I'm writing a textbook on Space Systems Engineering. Check the "view history" tab on any page to see who wrote it.

>according to your claim 18x more H2 coming out the ass, is that true?

That's your number, not mine, and it is wrong.

Electric arc furnaces are for remelting scrap iron to make new steel. About half of US steel production is remelted scrap. The other half has to come from a "reduction" furnace that removes oxygen from iron ore. Historically this was a blast furnace, but Boston Metal has a different process.

If the question was "how can I get really expensive electricity in 14 years", then yes nuclear is the answer. 14 years is the Vogtle 3 & 4 reactors in Georgia, approved in 2009, supposed to be operational this year.

The energy of formation of Iron III Oxide is 5.16 MJ/kg or 1433 kWh/ton. Actual energy needed depends on the efficiency of the process, including heat losses.

Wholesale solar and wind range from $26-50/MWh x 1.433 MWh/ton = $37-72/ton. Since steel goes for ~$750/ton these days, power cost is not a show-stopper at reasonable efficiency.

Gasoline used in my car's life (215,000 miles so far) - 25,000 kg. Lithium used in a full electric EV - 10 kg. One is much less than the other. Steel in both kinds of cars - about a ton each.

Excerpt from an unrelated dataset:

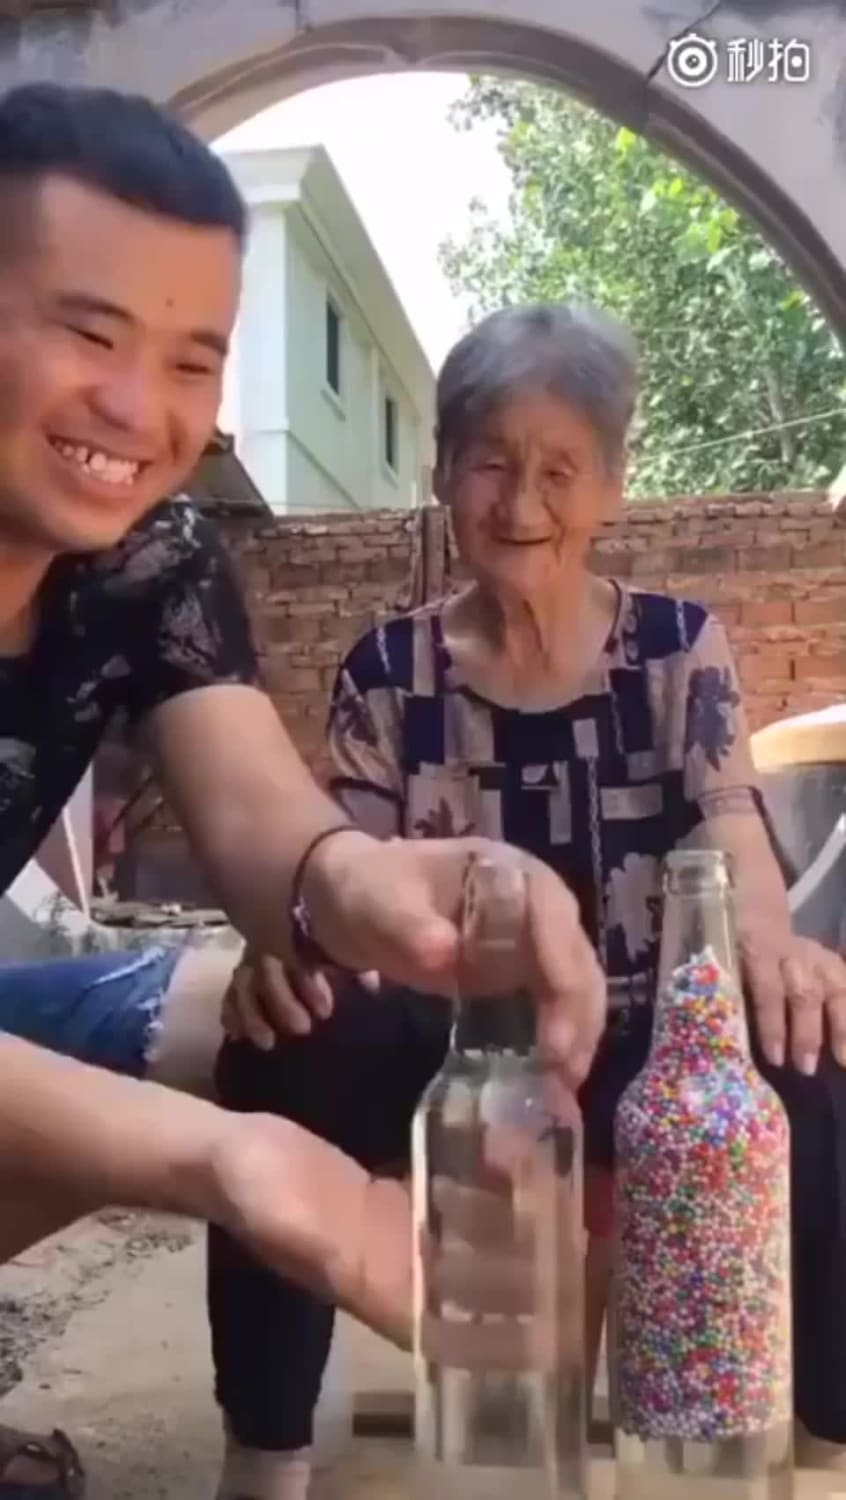 Cheering up grandma

Electricity for EV to drive 215,000 miles in 22 years (my car's age) - about 72,000 kWh. US solar capacity factor - 24.4% (actual average output divided by rated panel capacity). Average power needed to produce that much power in 22 years: 372 Watts. Rated panel capacity needed: 1.52 KW.

Output per panel: 550W from largest US manufacturer rated at 585W but allowing for power loss as the panel ages. So you need about 3 panels. Panel Mass 34.4 kg x 3 = 103.2 kg. Much less than the car, and 250 times less than ICE gasoline needed.

So there aren't zero side effects, but a lot less.

> (nobody wants a dirty bomb going off in the sky)

Before you start up a reactor for the first time, the core is low radiation. Reactors produce short-life fission products, which is what makes nuclear waste dangerous.

Rocket mass is in kg, not moles. Exhaust velocity is ~9 km/s for hydrogen, vs ~4.5 km for H2-O2 engines.

I'm a space systems engineer, who has worked on nuclear rocket designs. My opinion is the time for nuclear-thermal propulsion is past. Solar-thermal can get the same performance - both heat H2 to the limits of the materials. But solar doesn't have all the nuclear baggage to deal with.

Nuclear-electric has much higher performance (3-20 times), though like all electric systems it has longer burn times. The reactor can be much smaller (1 MW rather than 1 GW), making radiators and such easier to do.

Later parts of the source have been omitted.